Combat found them soon enough. The misty hallways opened up to a room—tall, elegant, but decayed, as the rest of the Labyrinth—and the three warriors entered, leaving Aylin, Granite, and Gritzn to spectate from the entrance.

The heralding announcement to the fight was a bestial roar. The following encounter was a blur to Aylin’s eyes. An enormous nine-foot minotaur burst forward, seemingly from nowhere, charging with a battle-axe larger than her entire body raised above his head. One moment the beast was across the room, and the next, he’d arrived on the group of three classed goblins.

But the warriors moved with the same speed. Banr’s shield was raised above his head before Aylin even fully recognized that the fight had started. Not just that, but Vex, the ranger, had dashed away, and not one, but three black arrows had already sprouted from the minotaur’s neck, leg, and stomach before she recognized what was happening. The beast didn’t seem perturbed by the attacks, not slowing in the slightest. Its weapon crashed downward, searing like a meteor to the earth.

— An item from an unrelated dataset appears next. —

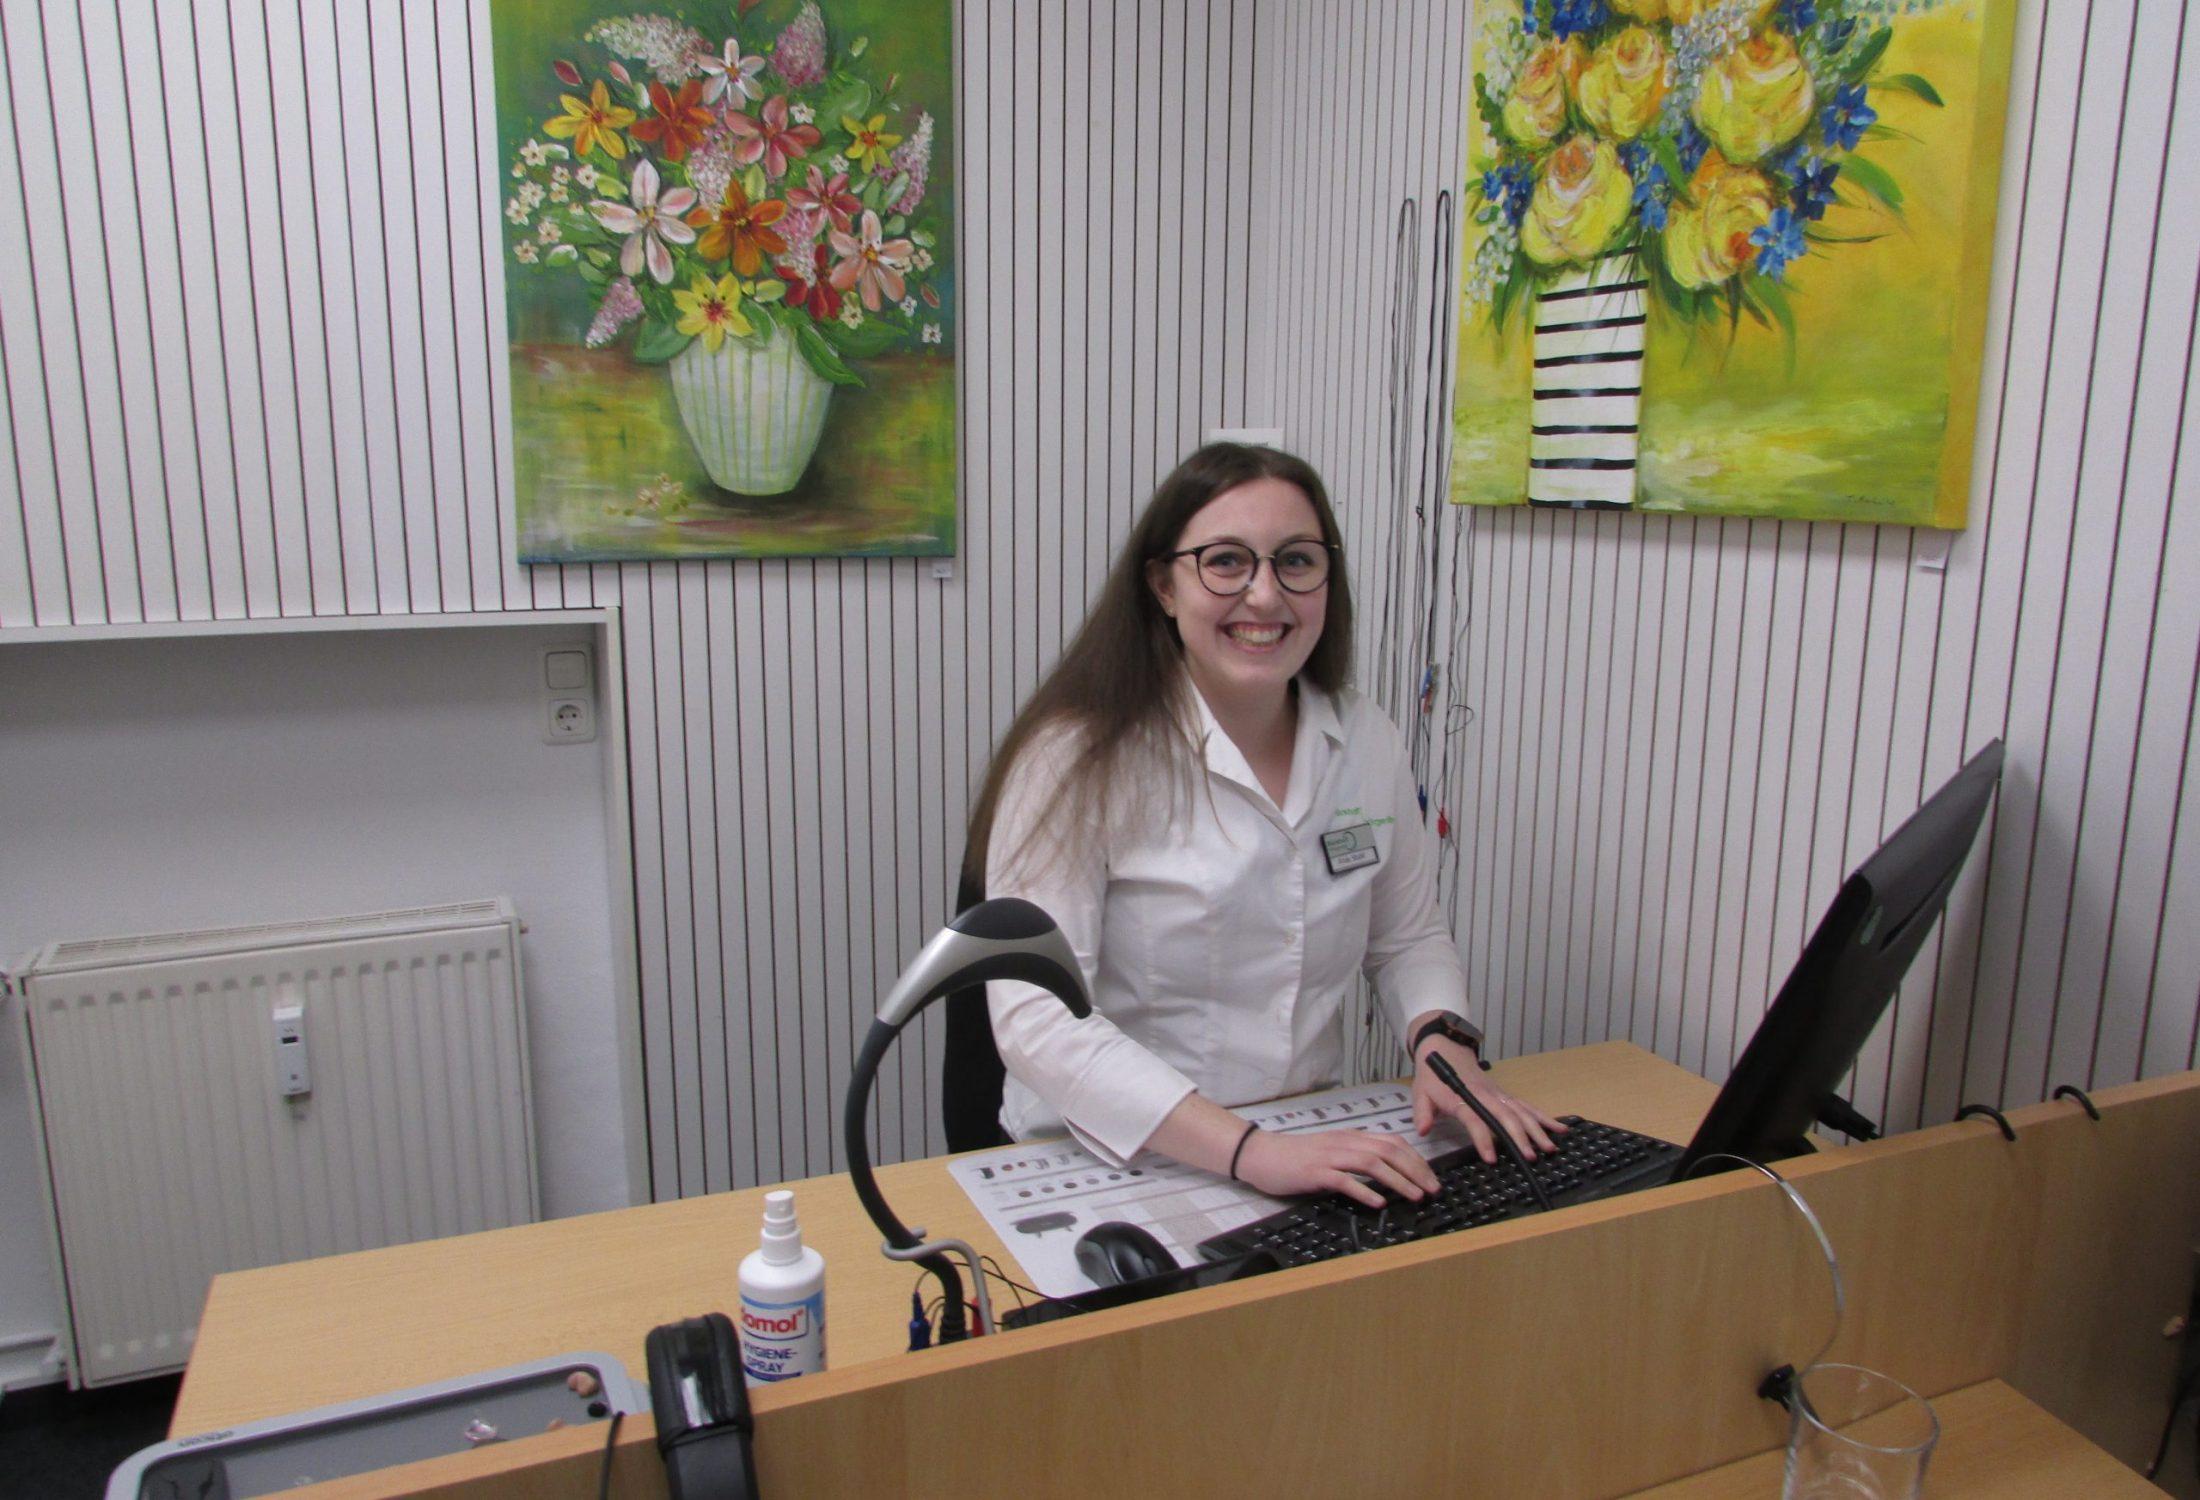 Frau Stahl in der Hörkabine der Filiale Elbestraße in Braunschweig

Axe collided with shield, and a deafening clang burst through the room. Banr held. The stonebrick beneath him splintered for meters in each direction, and Aylin gaped at the power behind the strike—and how stalwartly the goblin warrior had held against it.

The resulting brawl, Aylin simply wasn’t capable of understanding, much less tracking. These were some of the strongest warriors in the Bonecracker Tribe, which meant some of the strongest classed in a hundred miles. A level two like Aylin couldn’t hold a candle to them. They moved faster than a blur, even Banr, the strength-focused class, and the fight was indecipherable to her comparatively mundane senses. She’d grown massively in strength and speed since gaining a class, but the gap between her and them was still far larger than, say, she and a normal person. Or even Granite and a normal person.

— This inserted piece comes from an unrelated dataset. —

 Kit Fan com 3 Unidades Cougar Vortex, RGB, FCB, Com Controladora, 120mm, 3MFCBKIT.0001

Daggers flashed, arrows flew, and the minotaur rampaged, tearing up the room. They kept the creature away from the entrance doorway, which Aylin, Granite, and Gritzn spectated from. Well, mostly Aylin, who was the curious one. Gritzn was more than happy to stay further into safety.

It took only moments for the fight to end, operating at the speed of high-level classed—at least by Aylin’s inferior senses. Soon, the minotaur had been felled, and with not a single of the three classed seemingly bothered. A sheen of sweat was the only indicator they’d dispatched a monster that could rampage through a city. That minotaur would have wiped out Aylin’s entire clan, and all of its strongest warriors, without much effort.

Two emotions warred inside her. First, she was humbled. Seeing upper-level classed at work had been even more incredible than she’d expected. Second, and more dominantly, she found herself excited. That was her future.

No, that was her beginning. Aylin had no doubt that Lady Sable expected far more from her minions than a simple level fifteen. Though level fifteen was staggering from her own perspective, she knew it wasn’t outstanding for the world at large, only the relatively weak goblin lands of her home forest and even the Red Plains. If those devastating attacks were what a level fifteen could bring to bear, what could a level twenty five? Thirty? Fifty?

Assuming Aylin didn’t lose her place in Lady Sable’s service, or die in her efforts for advancement, then she would be finding out first-hand. The idea had her blood thrumming.

For now, she was weak. But seeing her betters at work only invigorated her to close that gap. She would wield power like that—far beyond it, even—some day. She swore it to herself.